** Opening INPUT block **
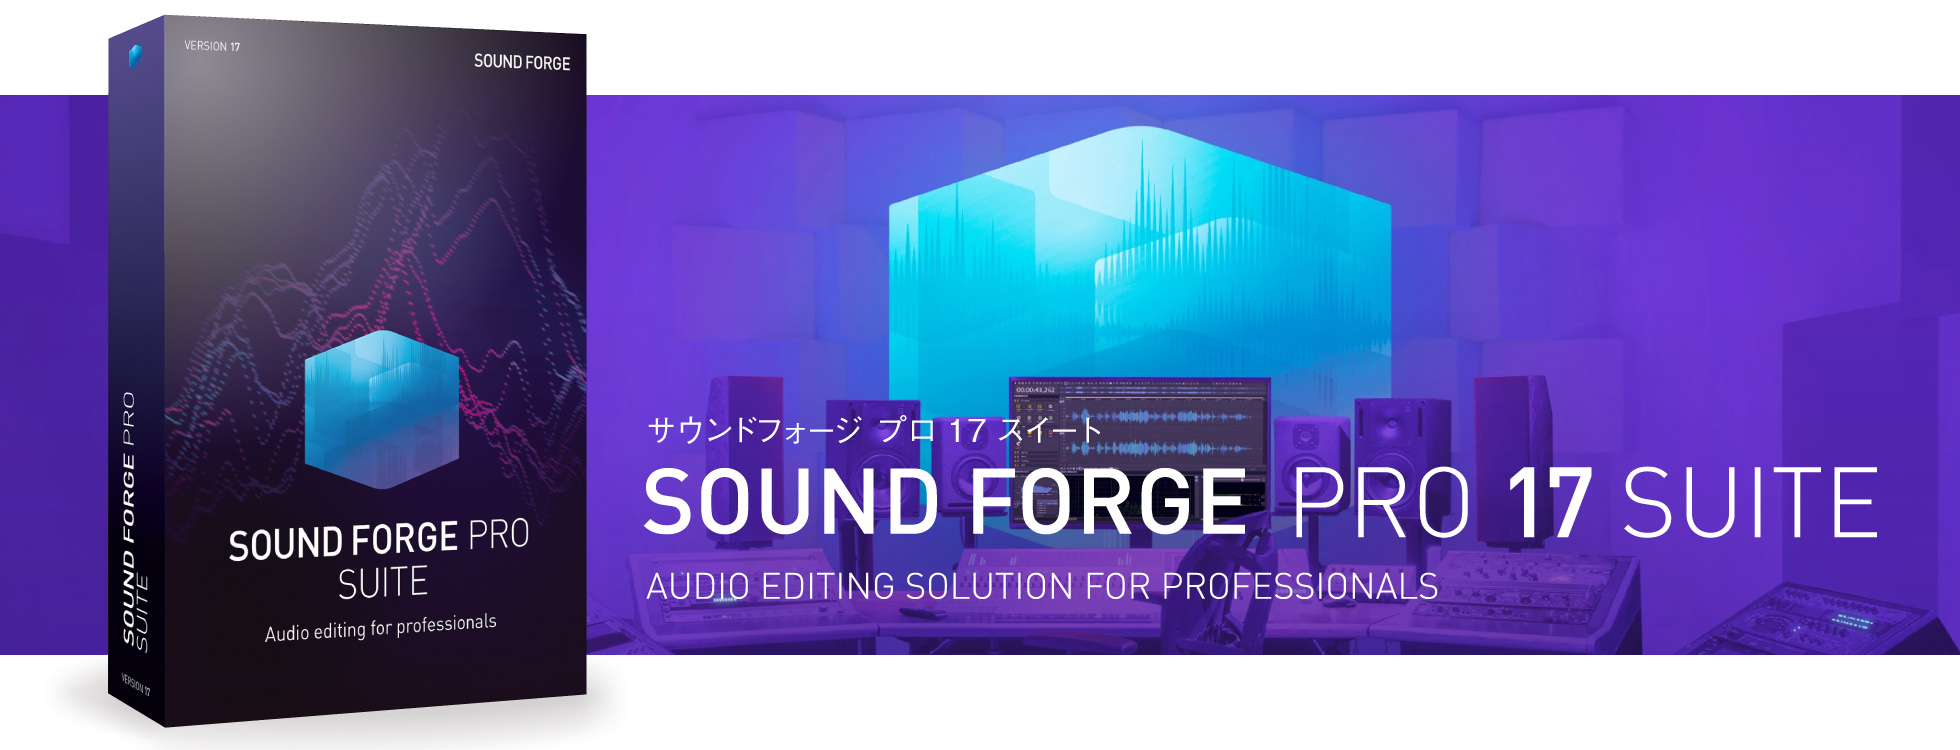 プロ仕様サウンド編集ソフト「SOUND FORGE Pro 17 Suite」
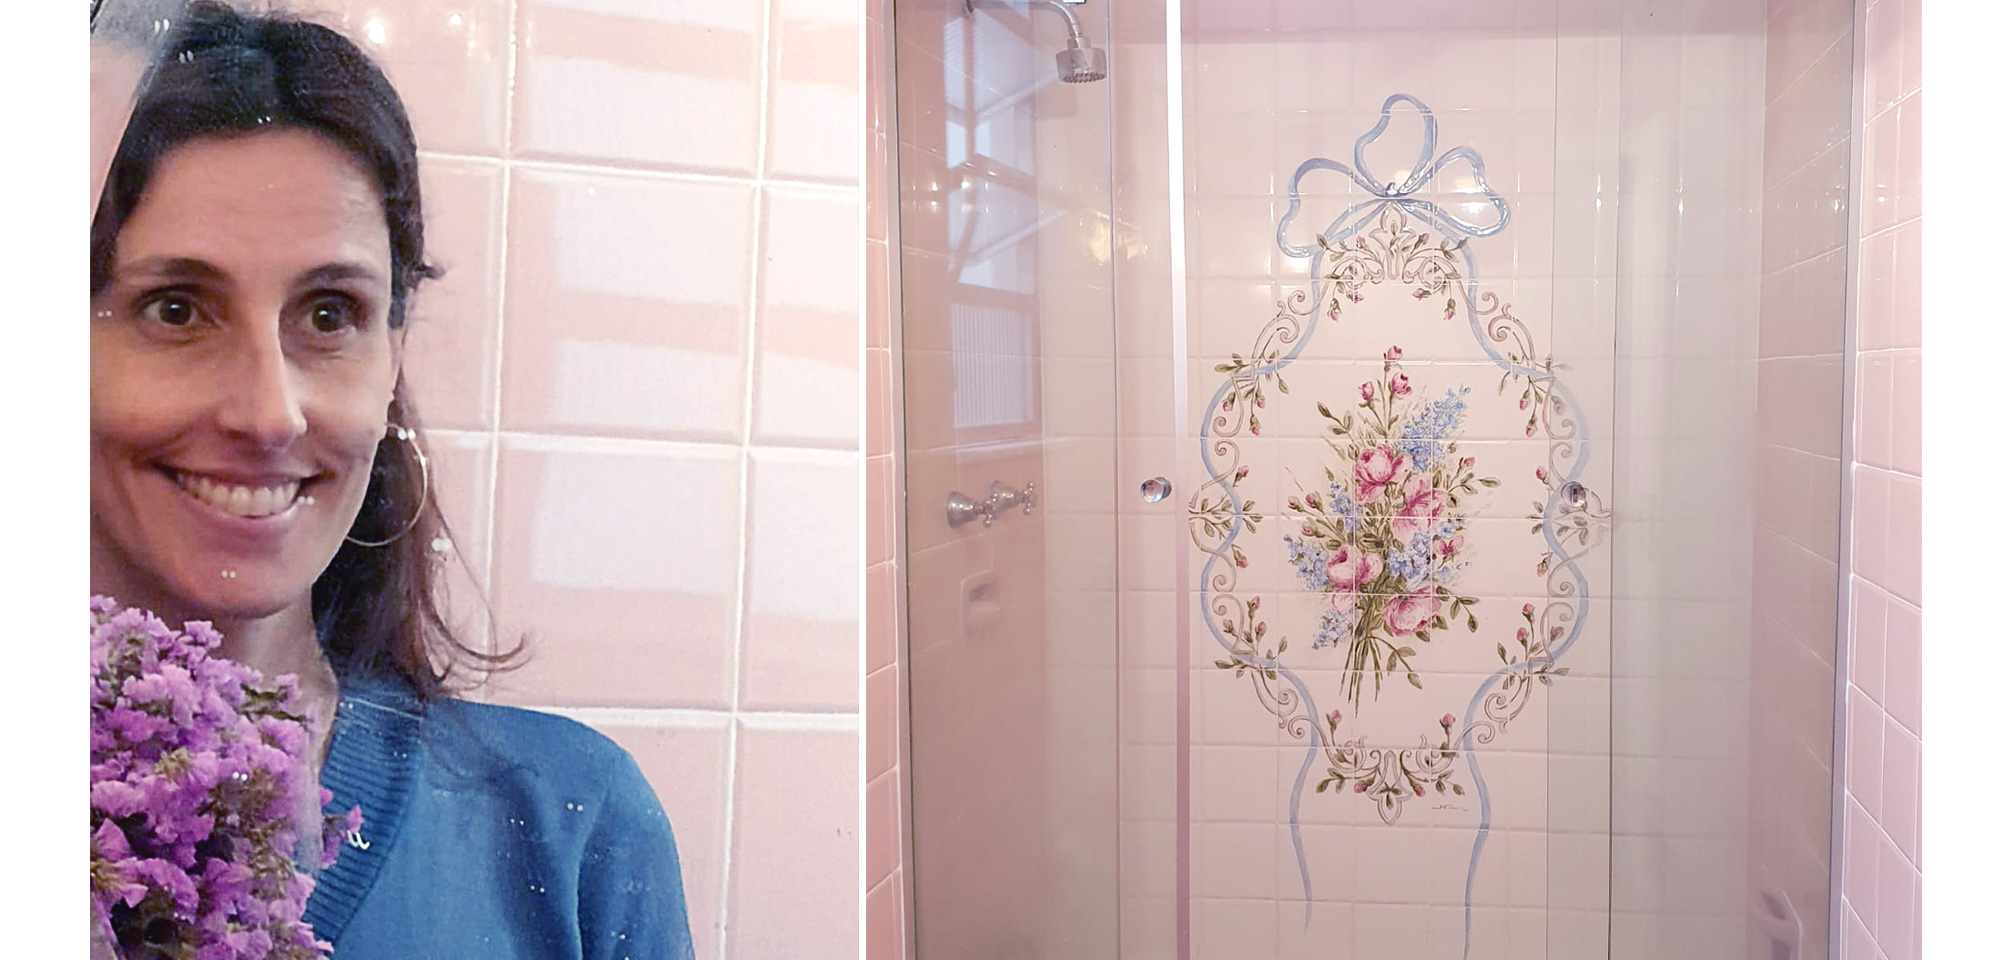 Gabriela Altaf e o banheiro decorado de sua avó
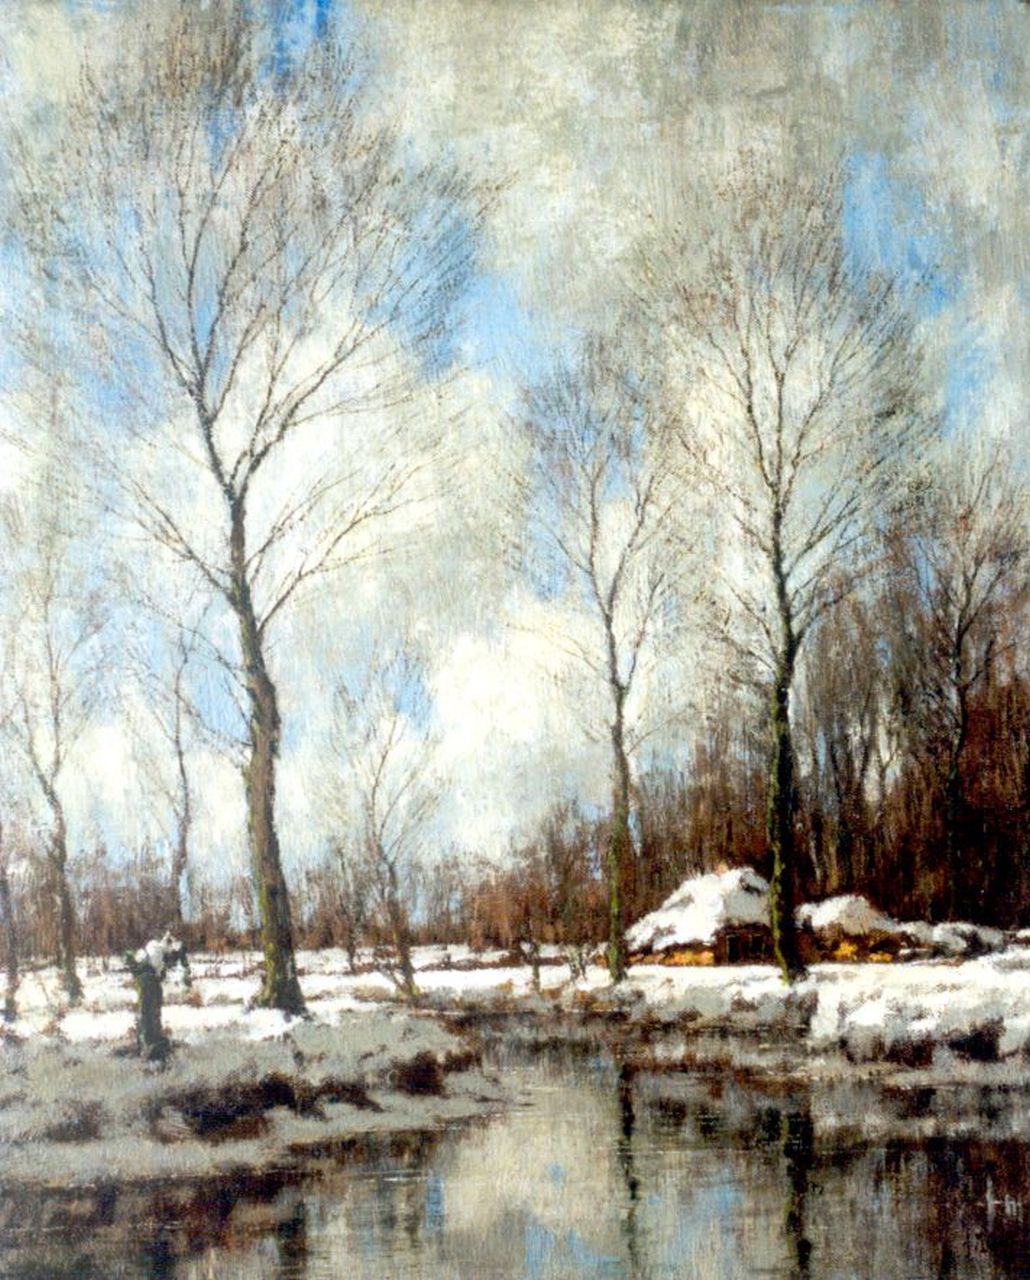 Gorter A.M.  | 'Arnold' Marc Gorter, Besneeuwd winterlandschap bij de Vordense beek (pendant van zomer nr. 6001), olieverf op doek 56,5 x 46,5 cm, gesigneerd rechtsonder
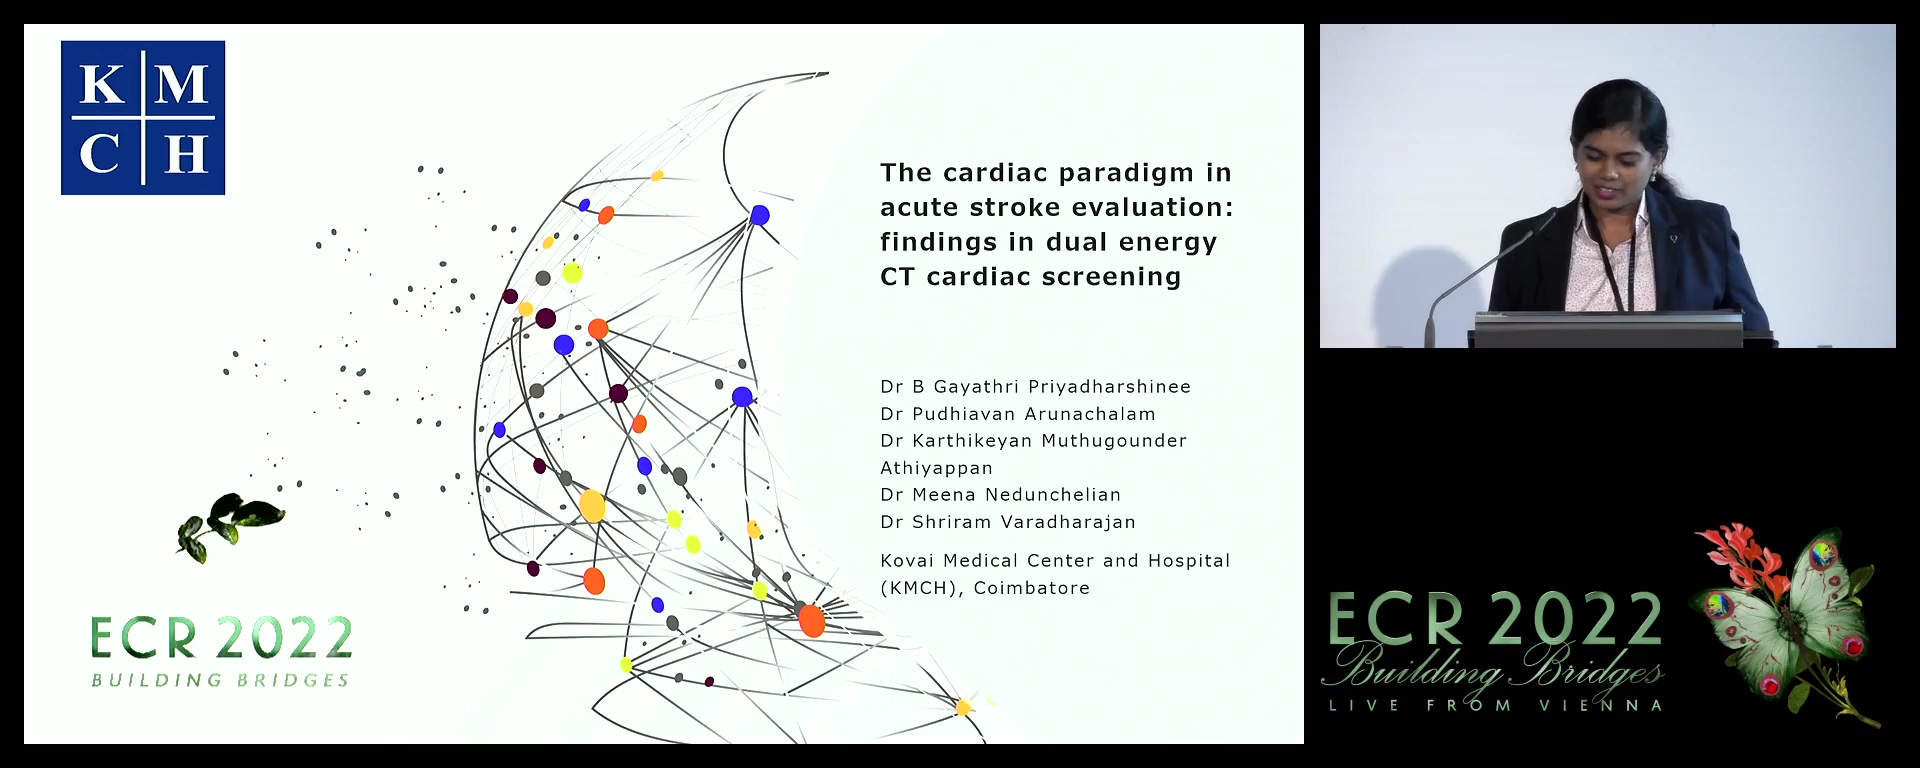 The cardiac paradigm in acute stroke evaluation: findings in dual energy CT cardiac screening - Gayathri Priyadharshinee, Coimbatore, Tamil Nadu / IN
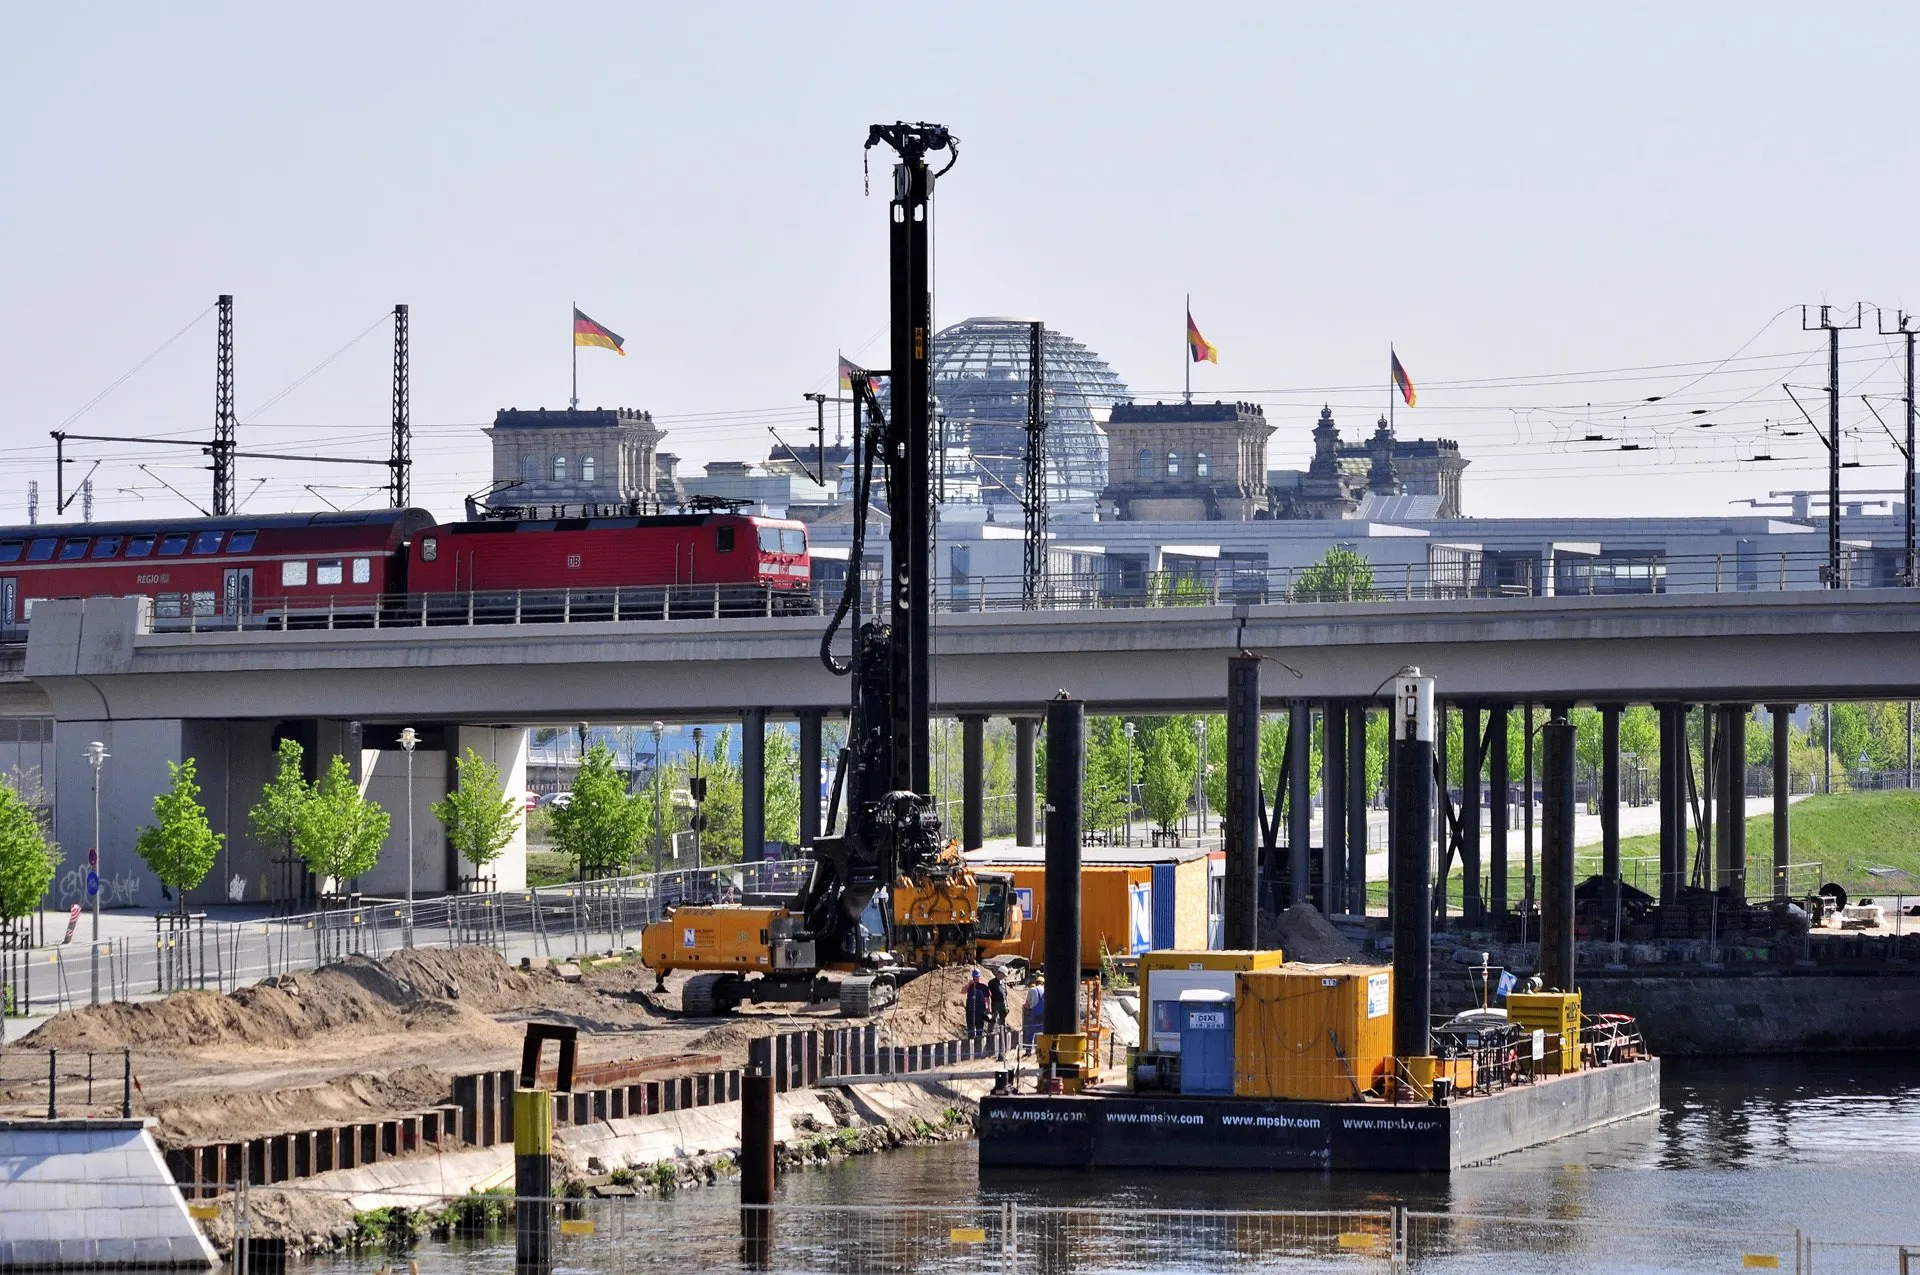 Baustelle im Humboldthafen Berlin mit Reichstagsgebäude im Hintergrund
** Closing INPUT block **
WHAT IS NEEDED>
Reproduce the whole listing above word for word, but not its pictures.

SOLUTION TO THE EXERCISE>
 プロ仕様サウンド編集ソフト「SOUND FORGE Pro 17 Suite」
 Gabriela Altaf e o banheiro decorado de sua avó
 Gorter A.M.  | 'Arnold' Marc Gorter, Besneeuwd winterlandschap bij de Vordense beek (pendant van zomer nr. 6001), olieverf op doek 56,5 x 46,5 cm, gesigneerd rechtsonder
 The cardiac paradigm in acute stroke evaluation: findings in dual energy CT cardiac screening - Gayathri Priyadharshinee, Coimbatore, Tamil Nadu / IN
 Baustelle im Humboldthafen Berlin mit Reichstagsgebäude im Hintergrund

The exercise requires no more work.